Scientific classification
- Kingdom: Animalia
- Phylum: Chordata
- Class: Actinopterygii
- Order: Gadiformes
- Family: Phycidae
- Genus: Phycis
- Species: P. phycis
- Binomial name: Phycis phycis (Linnaeus, 1766)
- Synonyms: Blennius phycis Linnaeus, 1766 Phycis furcatus (Bowdich, 1825) Phycis limbatus (Valenciennes, 1838) Phycis mediterraneus (Delaroche, 1809) Tinca marina (Walbaum, 1792)

= Phycis phycis =

- Authority: (Linnaeus, 1766)
- Conservation status: LC
- Synonyms: Blennius phycis Linnaeus, 1766, Phycis furcatus (Bowdich, 1825), Phycis limbatus (Valenciennes, 1838), Phycis mediterraneus (Delaroche, 1809), Tinca marina (Walbaum, 1792)

Species of fish

Phycis phycis, the forkbeard, is a species of phycid hakes in the family Phycidae.

==Etymology==
Genus and species names Phycis derive from Greek, phykon meaning seaweed, as these fishes usually live hidden among seaweeds.

==Description==
Phycis phycis commonly can reach a length of 25 cm, with a maximum length of 65 cm in males.

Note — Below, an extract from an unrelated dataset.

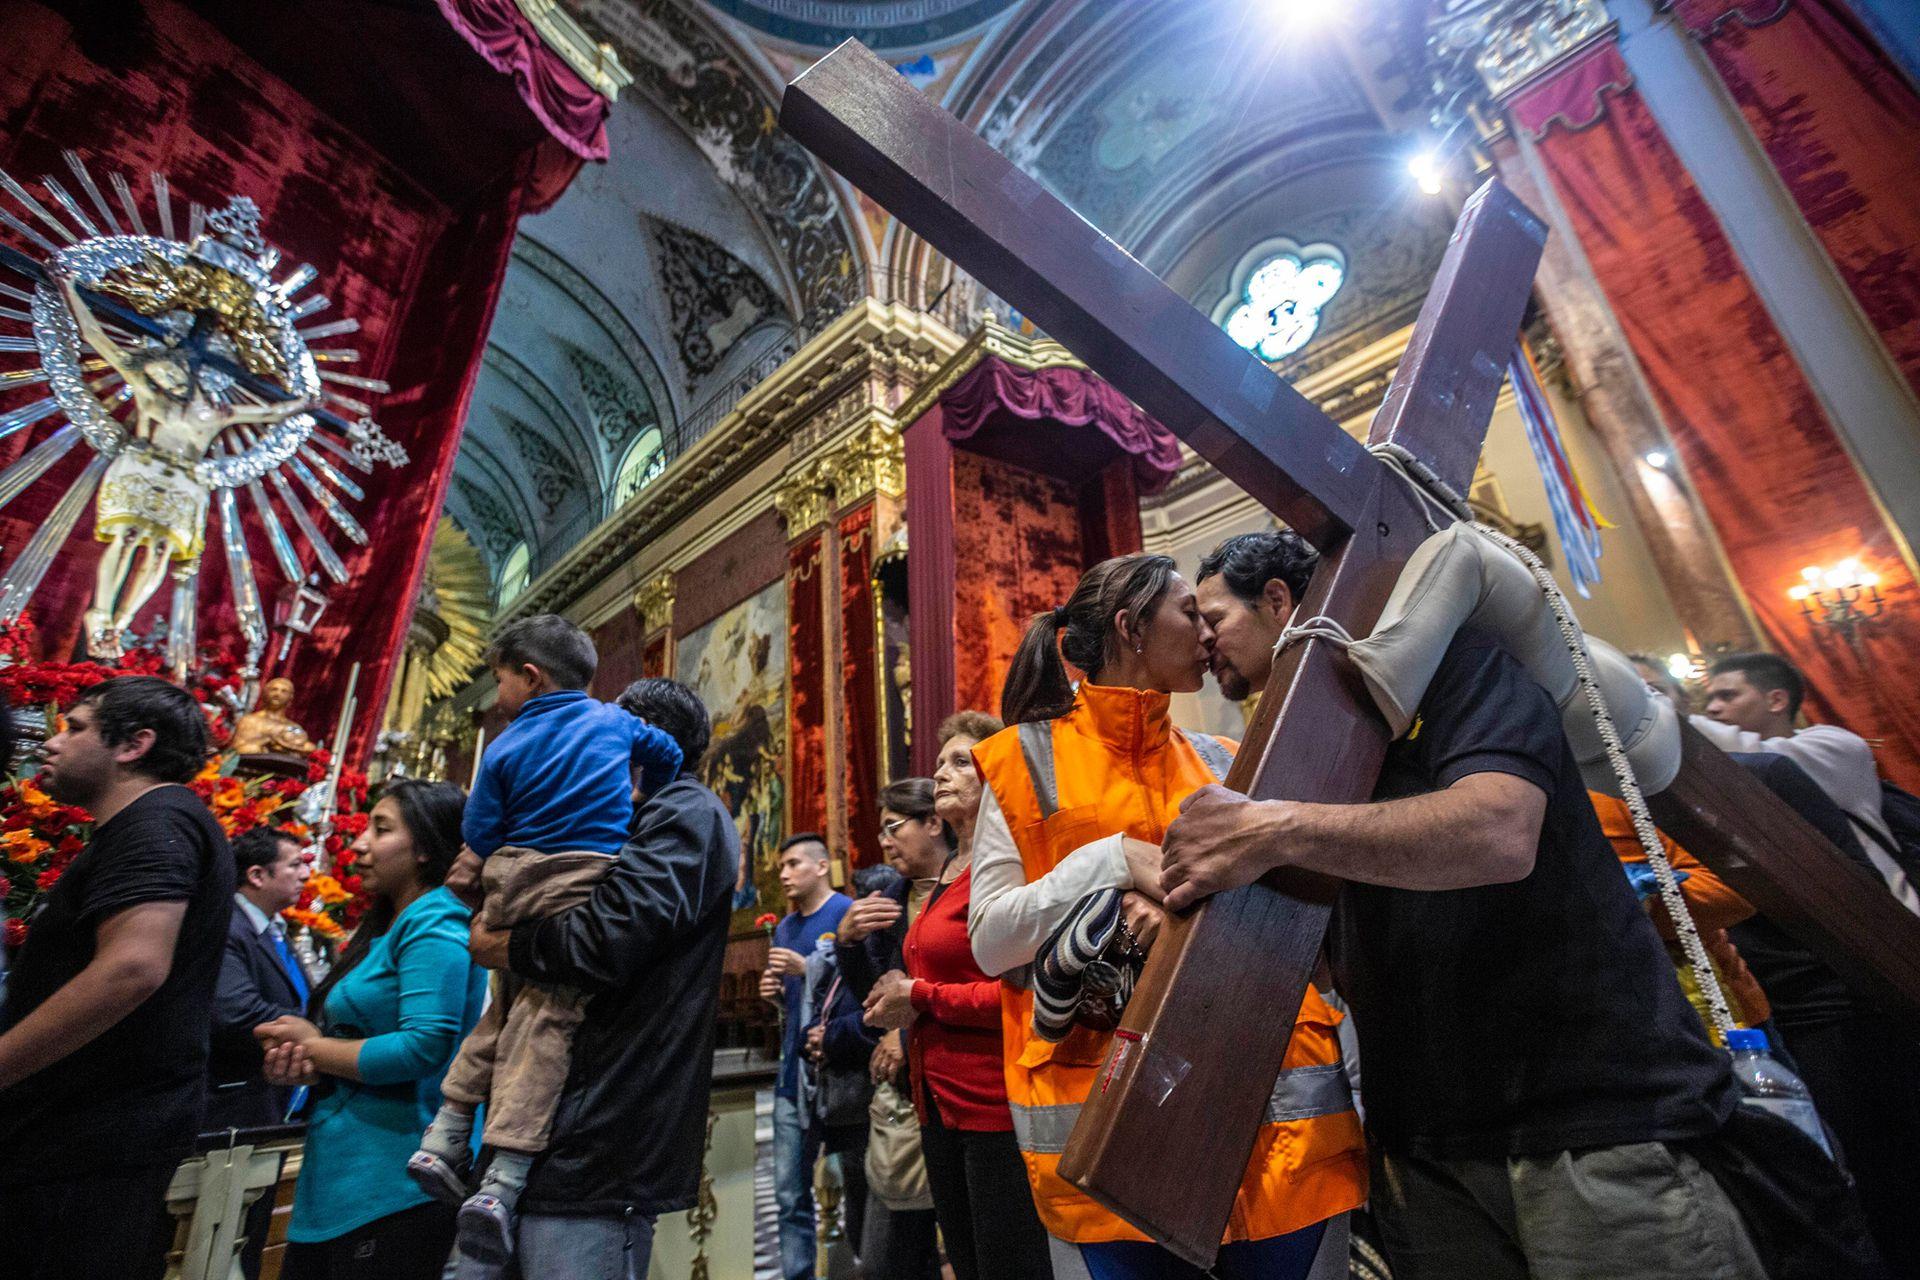 Este año, la festividad del Milagro se concretará con el acompañamiento de las reliquias de los Santos Patronos fundacionales de Salta, los Apóstoles Felipe y Santiago

These fishes have a wide mouth with thick lips. A barbel is present on the chin. They do not have any thorn in the fins, but show elongated pelvic-fin rays reduced to bifid filaments, with 2 soft rays. The dorsal fin is a double and rounded (the first can have 9 or 11 soft rays, the second 56 or 65). The caudal fin is rounded, with 27 or 29 soft rays. Vertical fins distally reaching the origin of the anal fin. They are dark, sometimes with a pale margin. Body color is dark brown or gray on the back, but ventrally the color becomes paler.

==Biology==
Forkbeards are nocturnal; during the daytime, they tend to hide between rocks. These forkbeards feed on small fish and several species of invertebrates. Breeding takes place from January to May. Scientists consider forkbeards to be comparatively slow-growing fishes enjoying long lifespans.

==Distribution and habitat==
This species is present in the Mediterranean, in Portugal and in western coast of northern Africa and the Azores. These fishes live on hard and sandy-muddy bottoms close to the rocks usually, at depths of 100–650 m.